# [What you are asked to do]
Exclude the pictures and set down, unaltered, the lines from the one that holds "Moss Green Striped Necktie" through the end of the data.

# [Data block]
== Segment start ==

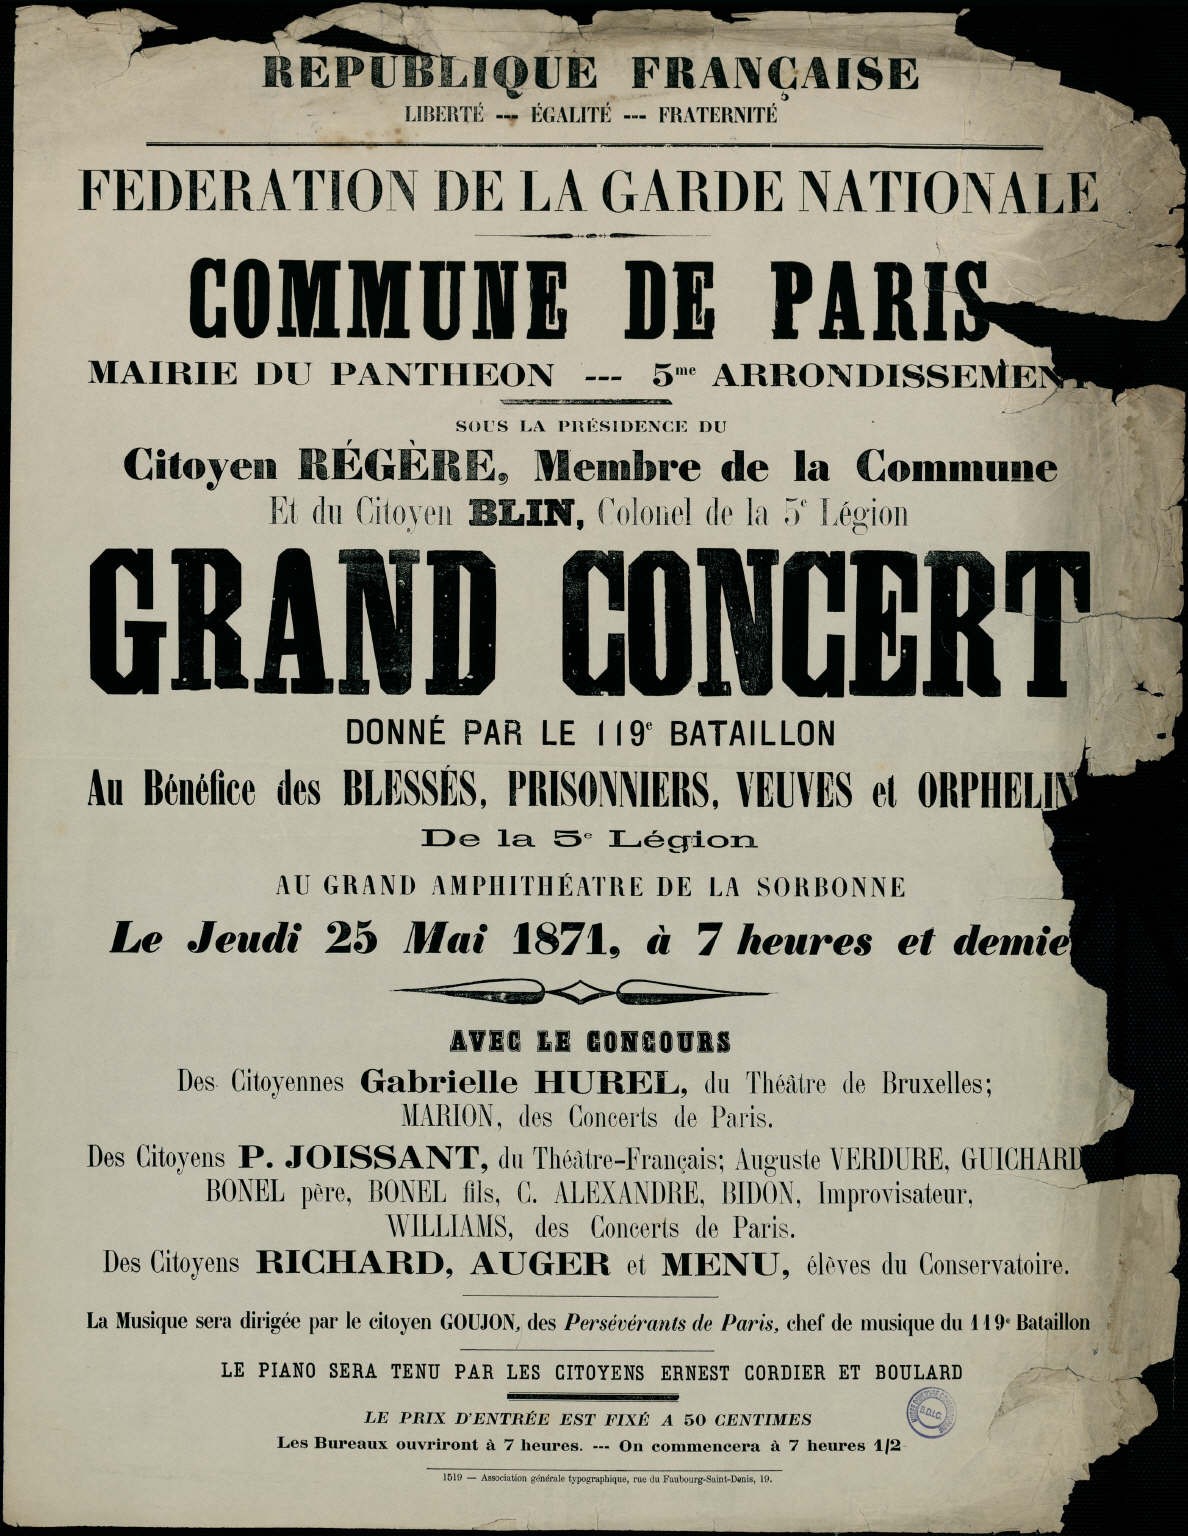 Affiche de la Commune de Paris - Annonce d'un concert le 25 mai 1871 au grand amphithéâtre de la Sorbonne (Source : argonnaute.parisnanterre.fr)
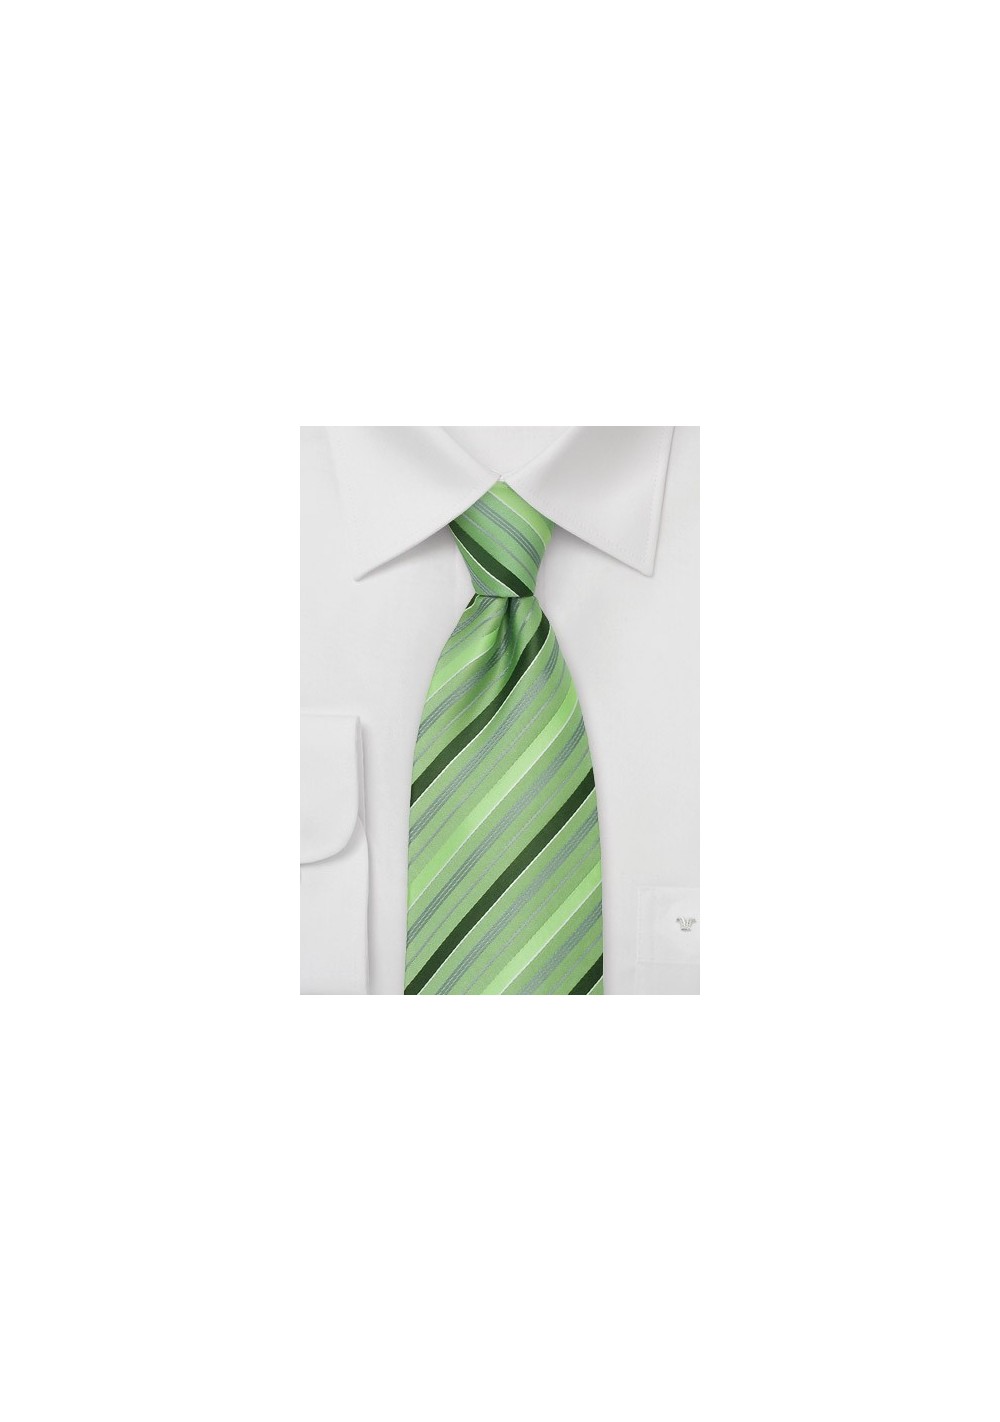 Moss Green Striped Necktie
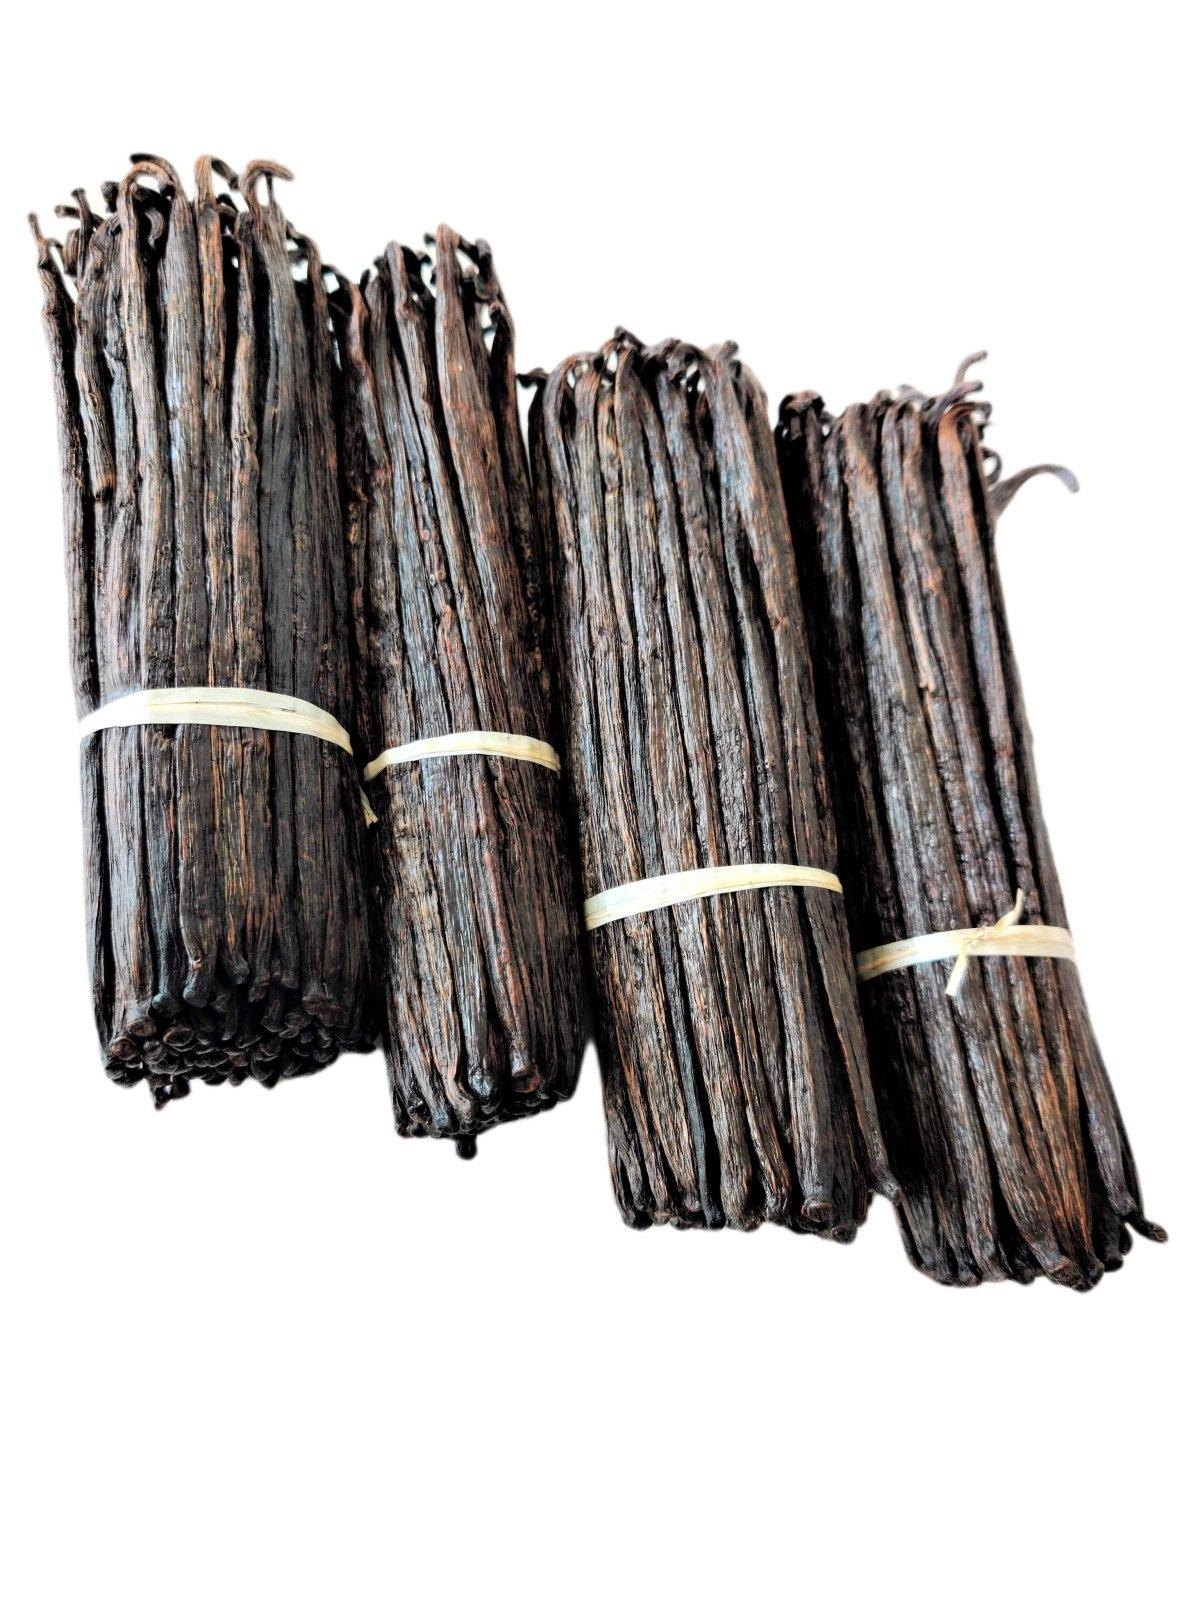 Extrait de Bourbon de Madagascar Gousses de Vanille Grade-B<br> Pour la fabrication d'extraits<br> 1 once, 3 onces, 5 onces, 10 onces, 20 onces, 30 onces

== Segment end ==

# [Solution]
 Moss Green Striped Necktie
 Extrait de Bourbon de Madagascar Gousses de Vanille Grade-B<br> Pour la fabrication d'extraits<br> 1 once, 3 onces, 5 onces, 10 onces, 20 onces, 30 onces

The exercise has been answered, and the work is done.